- Battle of Masaya: Part of the United States occupation of Nicaragua, Banana Wars, Nicaraguan civil war of 1912
| Date | 19 September 1912 |
| Location | Masaya, Nicaragua |
| Result | American victory |

Belligerents
- United States: Nicaraguan Rebels

Commanders and leaders
- Smedley Butler: Benjamín Zeledón †

Strength
- 400 marines & sailors 2 machine guns 2 guns": 150 "armed horsemen" snipers (in buildings along the railroad track)

Casualties and losses
- 6 wounded 3 captured (one of whom was slightly wounded): 56–68 killed 60–70 wounded (12 of whom later died)
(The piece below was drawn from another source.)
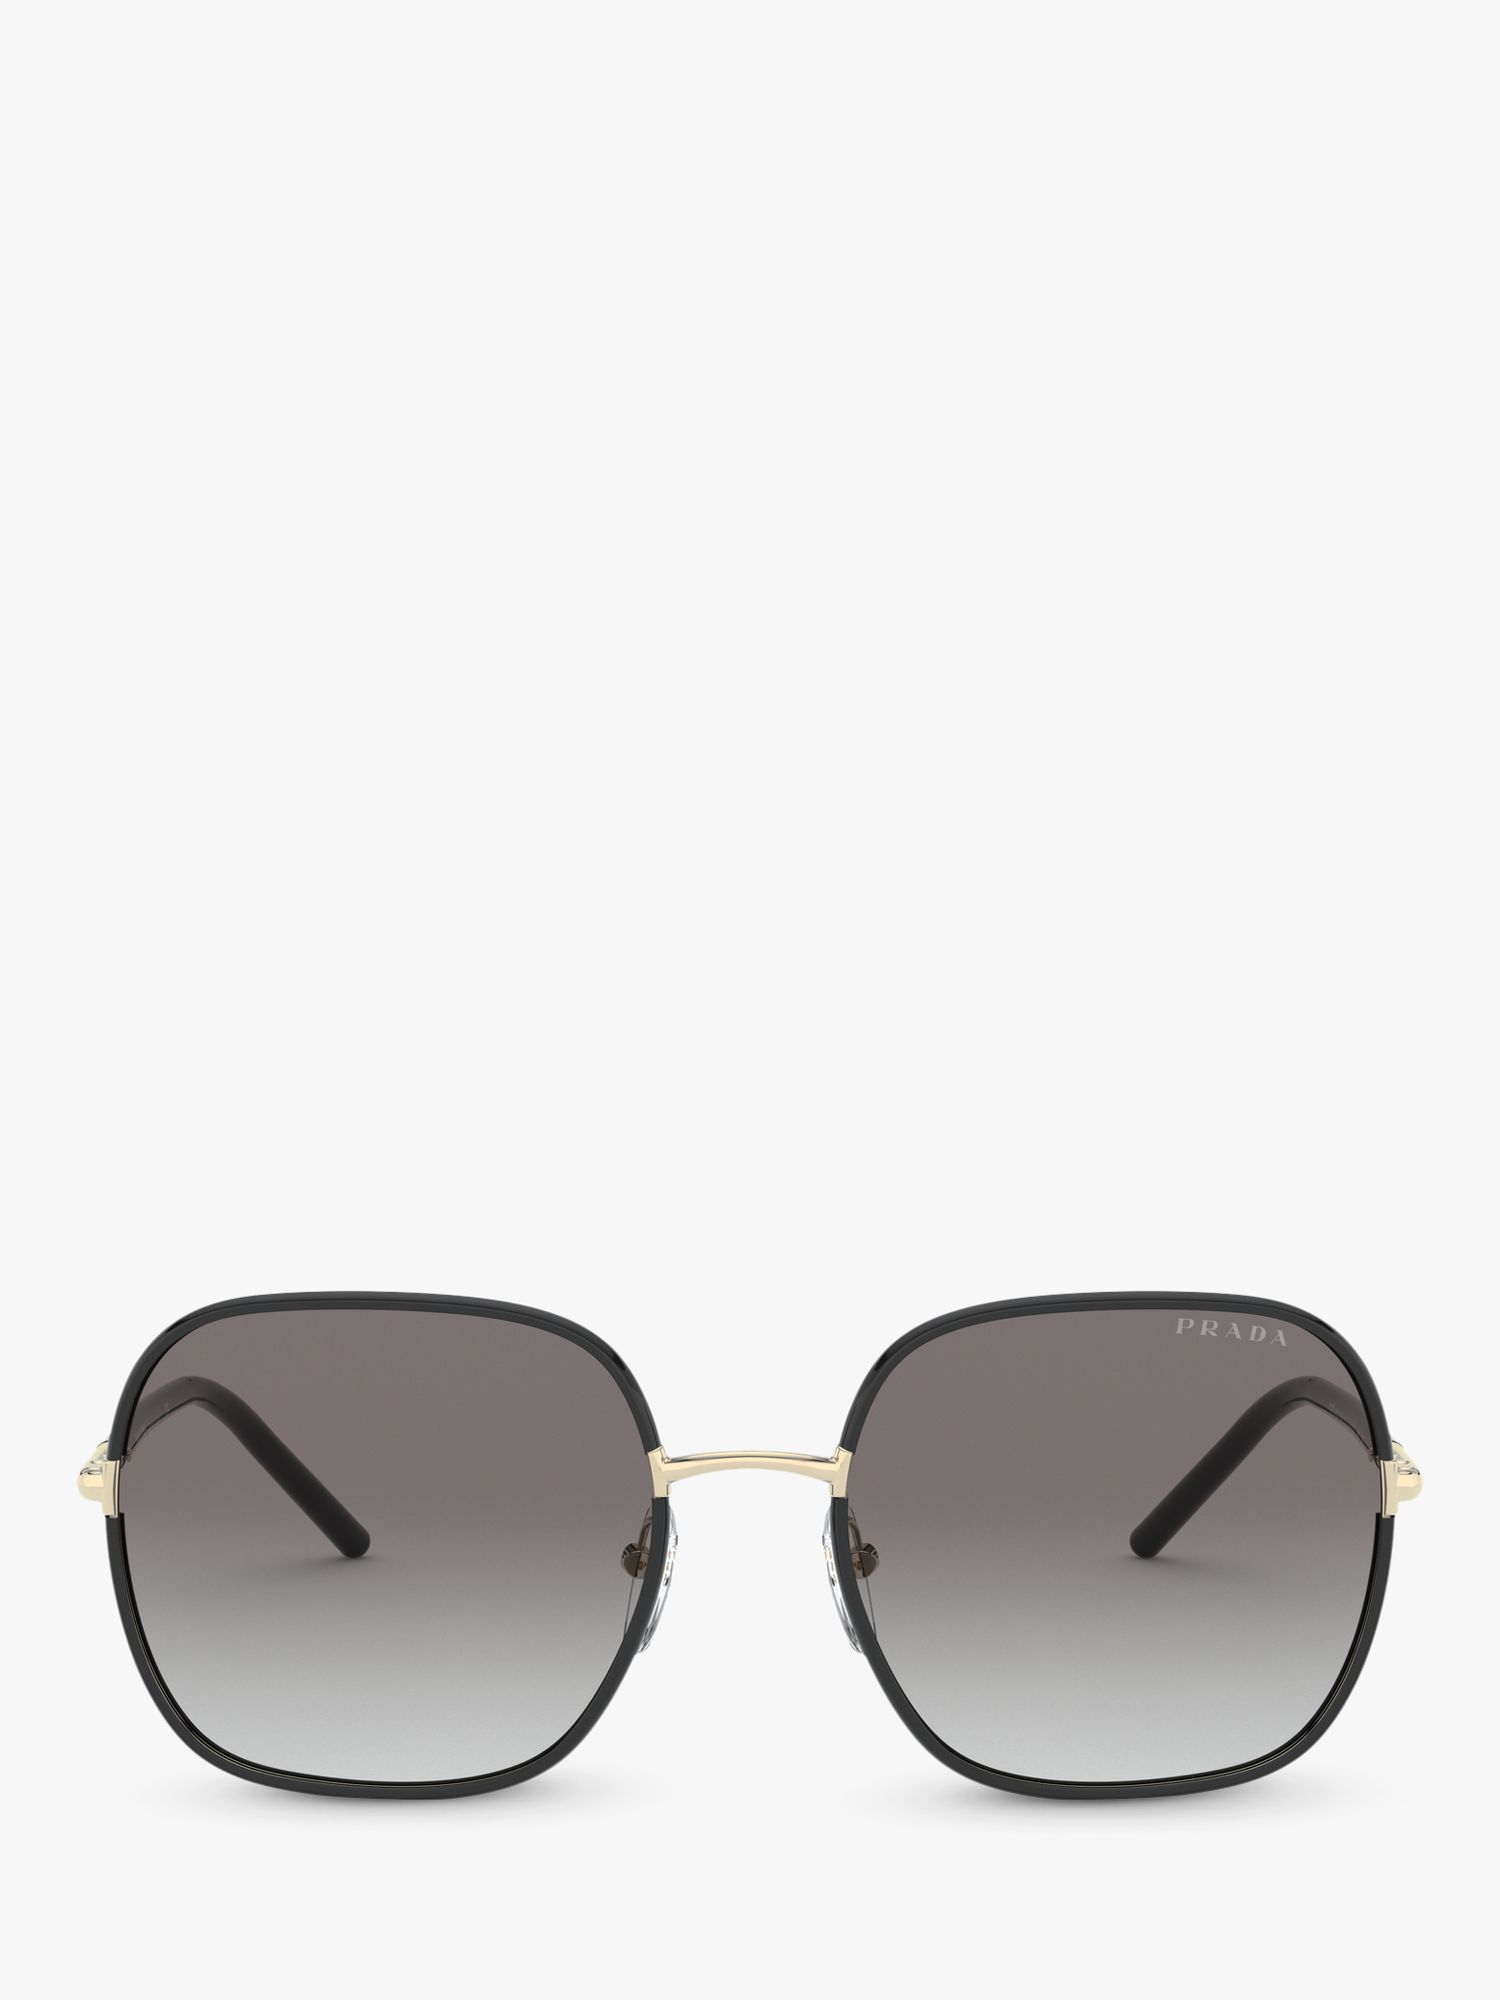 Prada PR 67XS Women's Square Sunglasses, Pale Gold/Black/Grey Gradient at  John Lewis & Partners

= Battle of Masaya (1912) =

1912 battle in Nicaragua

The Battle of Masaya took place on 19 September 1912, during the American occupation of Nicaragua of 1912–1925 and the Nicaraguan civil war of 1912.

==Background==
In the midst of a civil war in Nicaragua between the Conservative government and rebels, consisting of Liberals and dissident Conservatives, an expedition of 400 American Marines and sailors, plus "a pair of Colts and 3-inch guns," led by Smedley Butler was sent out to seize Granada from rebel forces. Traveling by train, Butler's forces reached the outskirts of Masaya, where they were threatened by rebels led by Benjamín Zeledón atop the hills of Coyotepe and Barranca. The Americans negotiated with Zeledón for safe passage past the two imposing hills.

==Battle==
On the evening of 19 September 1912 the Americans continued their journey into the city of Masaya, with Butler, "legs dangling," sitting at the front of the train on a flatcar placed in front of the engine. The train had nearly gotten through the town, when, at Nindiri Station, the Americans were confronted by two mounted Nicaraguans. These two men, possibly drunk, opened fire with pistols, striking Corporal J. J. Bourne, who was next to Butler, in the finger. Butler had the train stopped, so a corpsman could be summoned to aid Bourne.
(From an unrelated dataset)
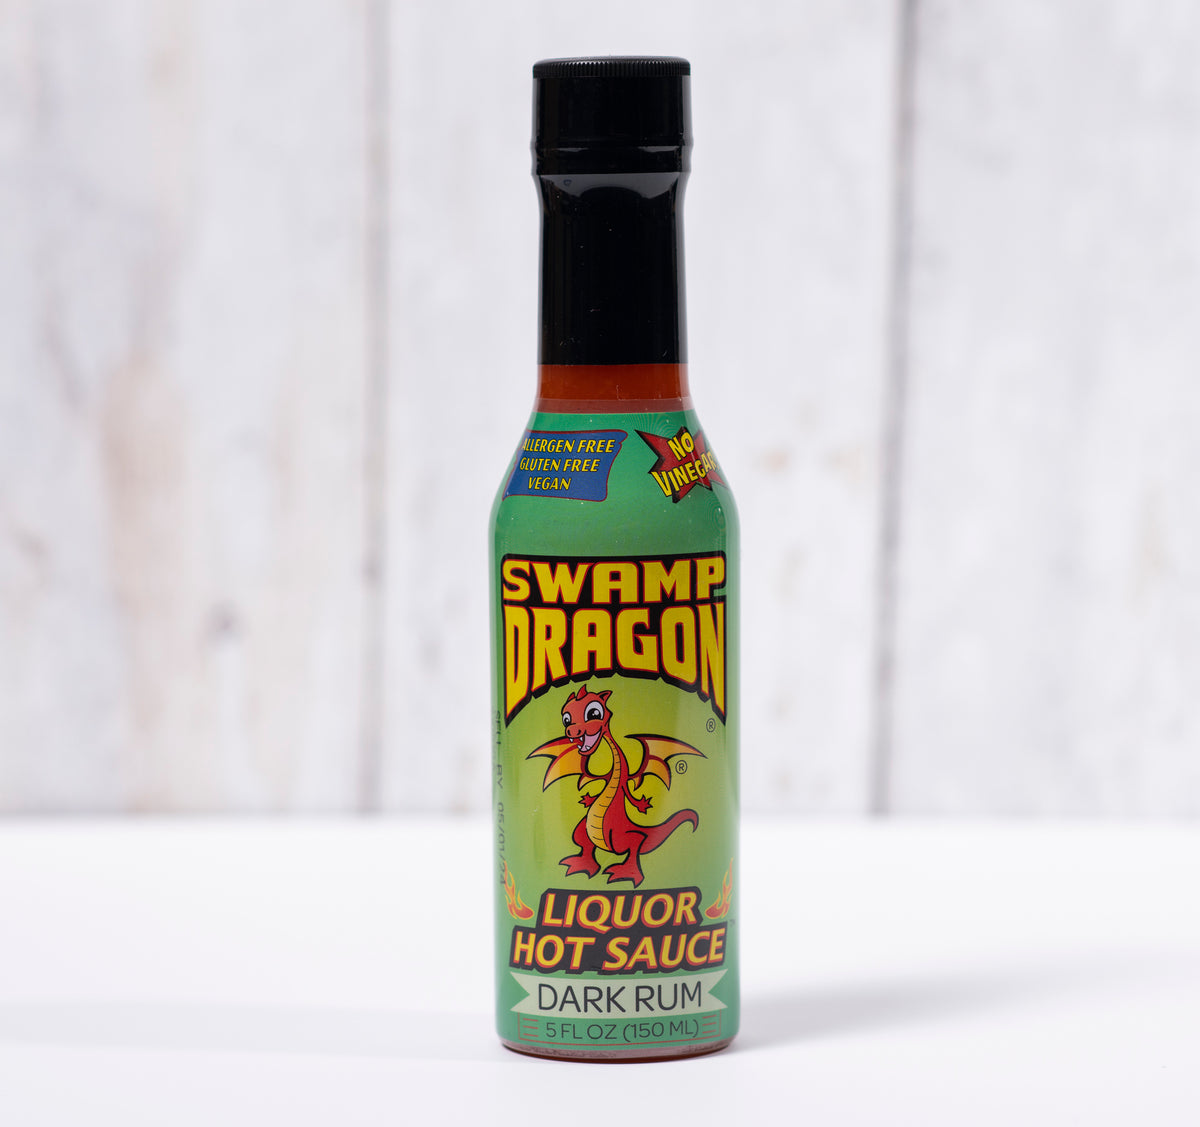 5 ounce bottle of Swamp Dragon Rum Hot Sauce

Before long, snipers in the houses on both sides of the railroad track and 150 "armed horsemen" began shooting at the American-occupied train. The U.S. forces, both inside the train and outside (taking cover alongside the roadbed), including the machine gunners on top of the boxcars, "returned fire." Three Marines, Private C. P. Browne, Private Ray Betzer, and Trumpeter W. M. Brown, were soon hit by fire from the Nicaraguan rebels. Meanwhile, the train's engineer had taken cover under his seat, and Butler had to get him out from that hiding spot. The most intense period of fighting lasted five minutes, "then [the firing] gradually died out."

The train now started picking up steam, leaving behind the Marines, led by Captain Nelson P. Vulte, who had sought refuge by the roadbed. These troops had to seize handcars and catch up with the train. In all, the battle lasted "less than half an hour."

During the firefight, five Americans were wounded and three captured (one of which was "slightly wounded") and soon released.

==Aftermath==
Nicaraguan losses were either 56 killed outright and 70 wounded (12 of whom would later die) or 68 killed and 60 wounded. The day following the incident (September 20, 1912), Zeledón's emissary delivered apologies to the Americans, claiming that the attack was "unauthorized." However, the Masaya ambush, called "an act of treachery on the part of General Zeledón," was allegedly "premeditated" and "carefully planned." Butler's forces continued on to Granada, where they would convince rebel commander Luis Mena to surrender and go into exile in Panama. U.S. forces would later on in the civil war return to the Masaya area to storm Coyotepe hill.